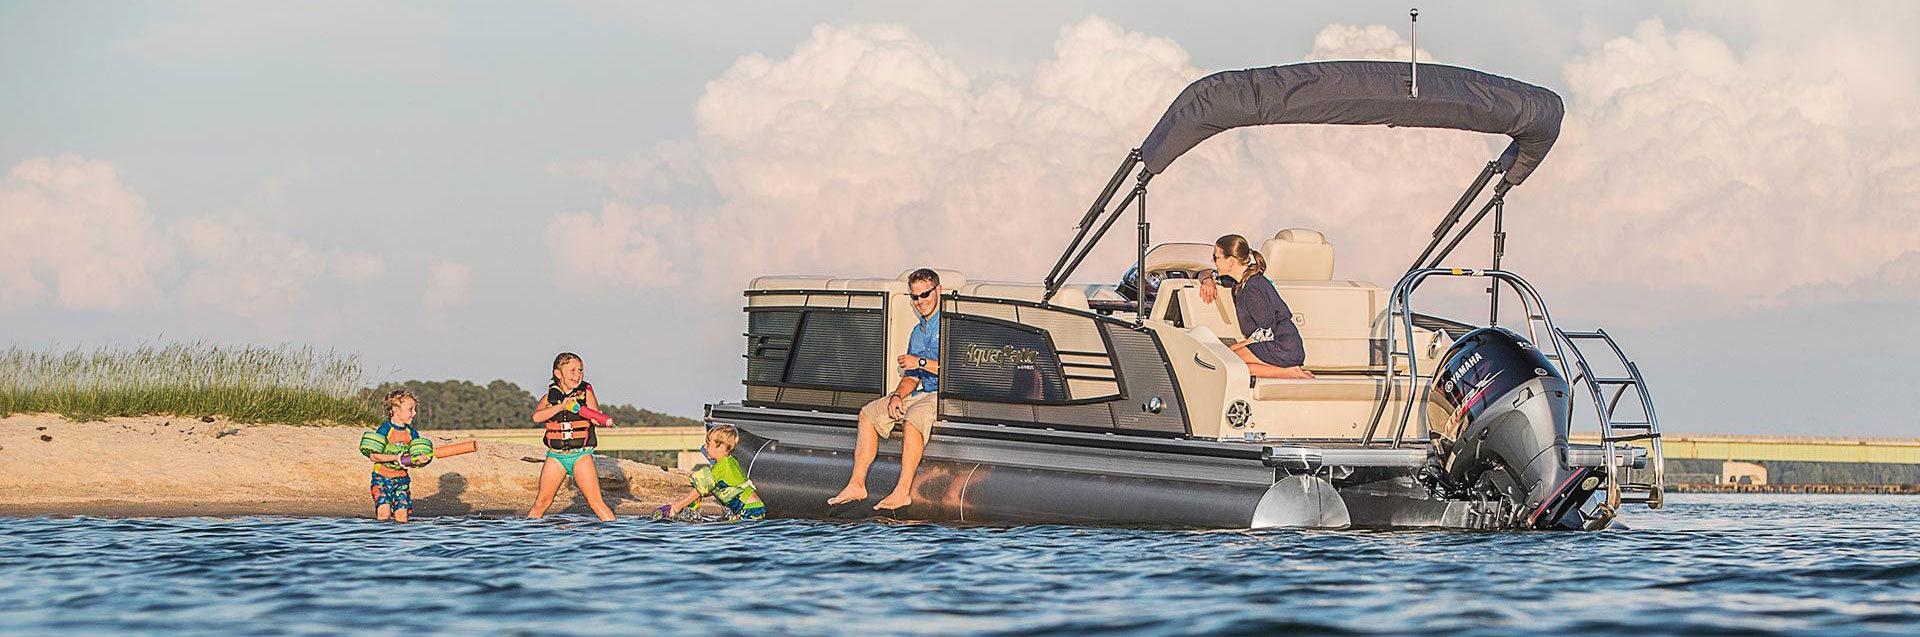 476_197_Aqua Patio 235 Elite Pontoon Boat 1
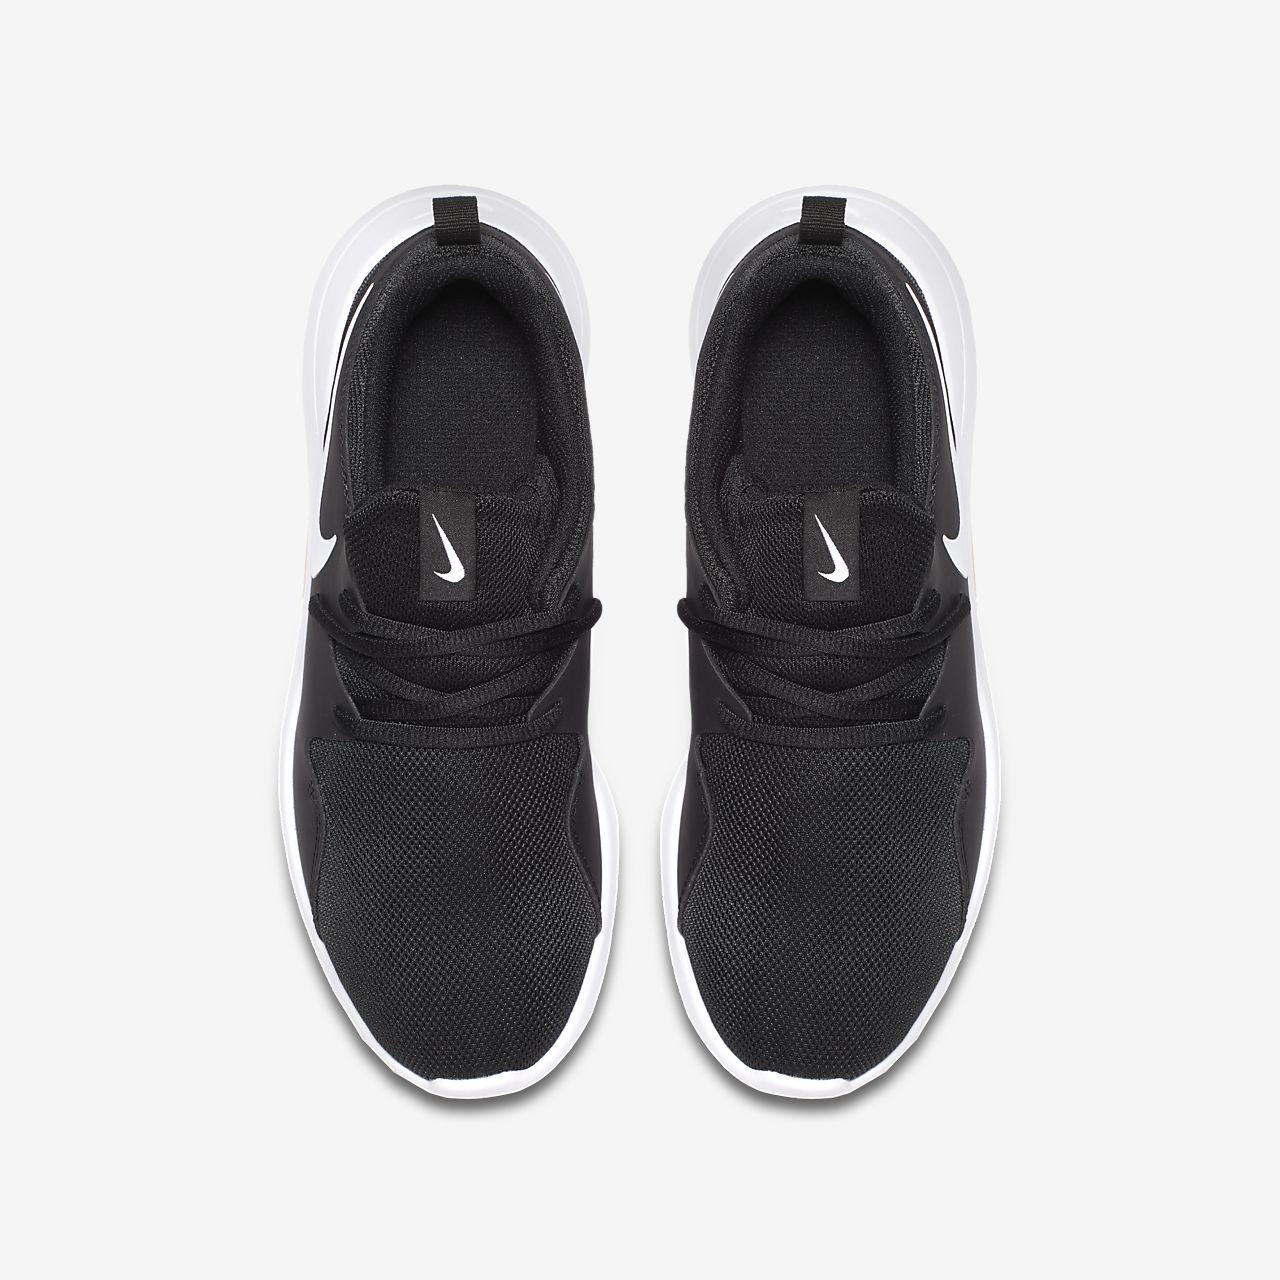 895e5c86399 Nike Tessen Older Kids  Shoe. Nike.com IE
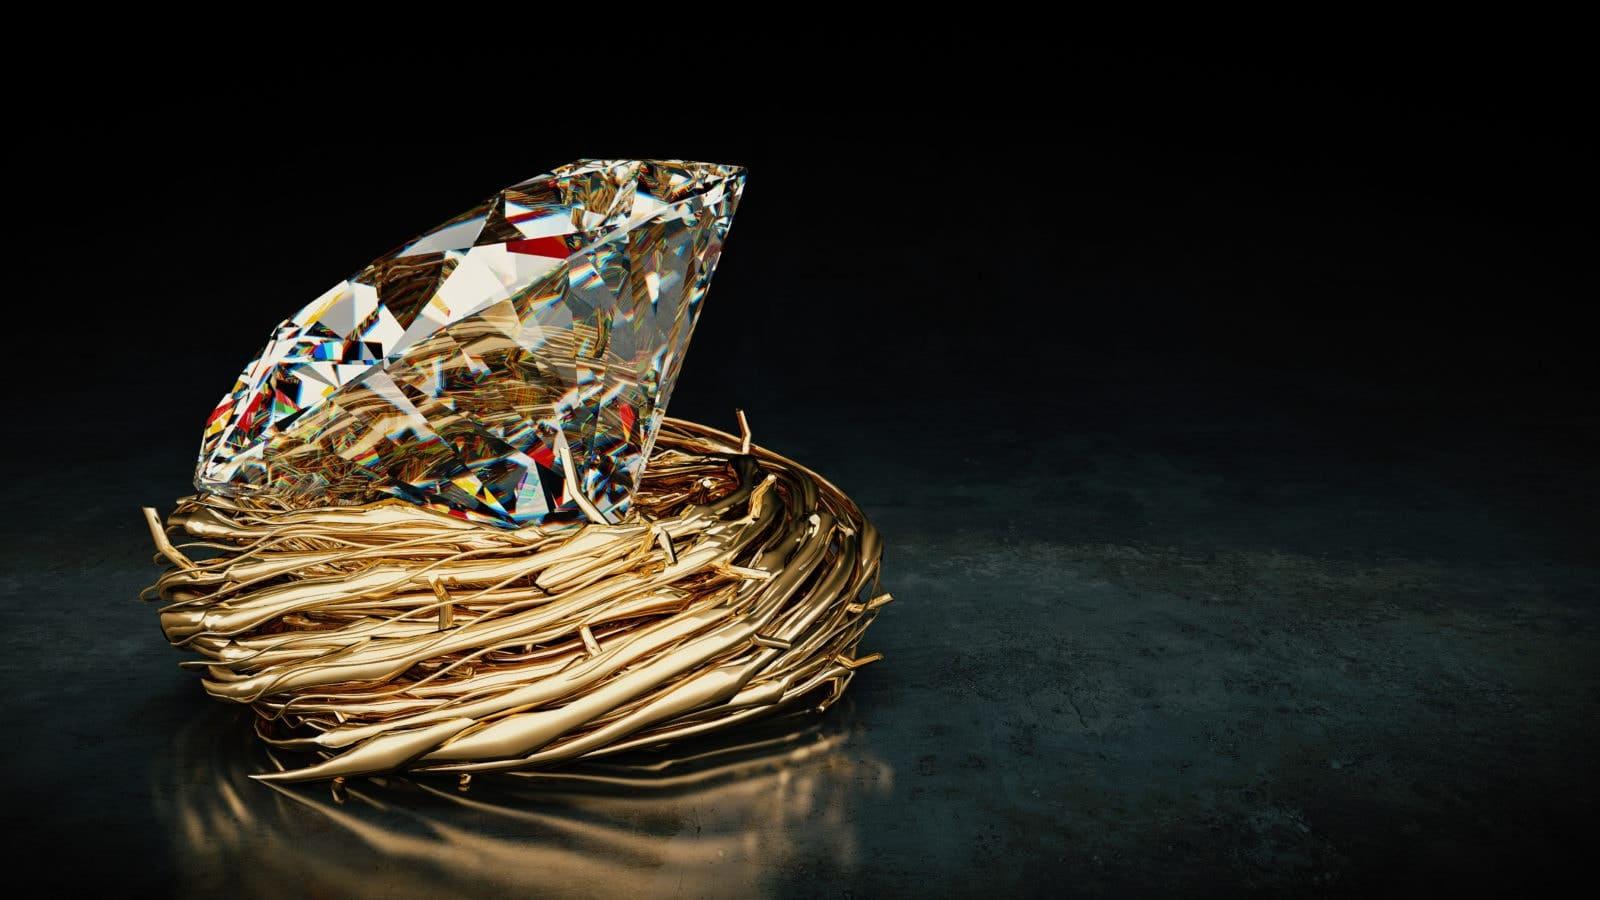 The Precious Diamond  Indian Folklore  It's Time To Meditate. Shield Diamond. Diamond Gemstone. Lavender Diamond. Bird Watches. Branded Watches. Keepsake Engagement Rings. Hexagon Rings. Conflict Free Diamond Engagement Rings

Assignment: Write out exactly the lines from the one that contains "895e5c86399 Nike Tessen" through the last line of the data above, both included. Leave every picture out.

Output:
 895e5c86399 Nike Tessen Older Kids  Shoe. Nike.com IE
 The Precious Diamond  Indian Folklore  It's Time To Meditate. Shield Diamond. Diamond Gemstone. Lavender Diamond. Bird Watches. Branded Watches. Keepsake Engagement Rings. Hexagon Rings. Conflict Free Diamond Engagement Rings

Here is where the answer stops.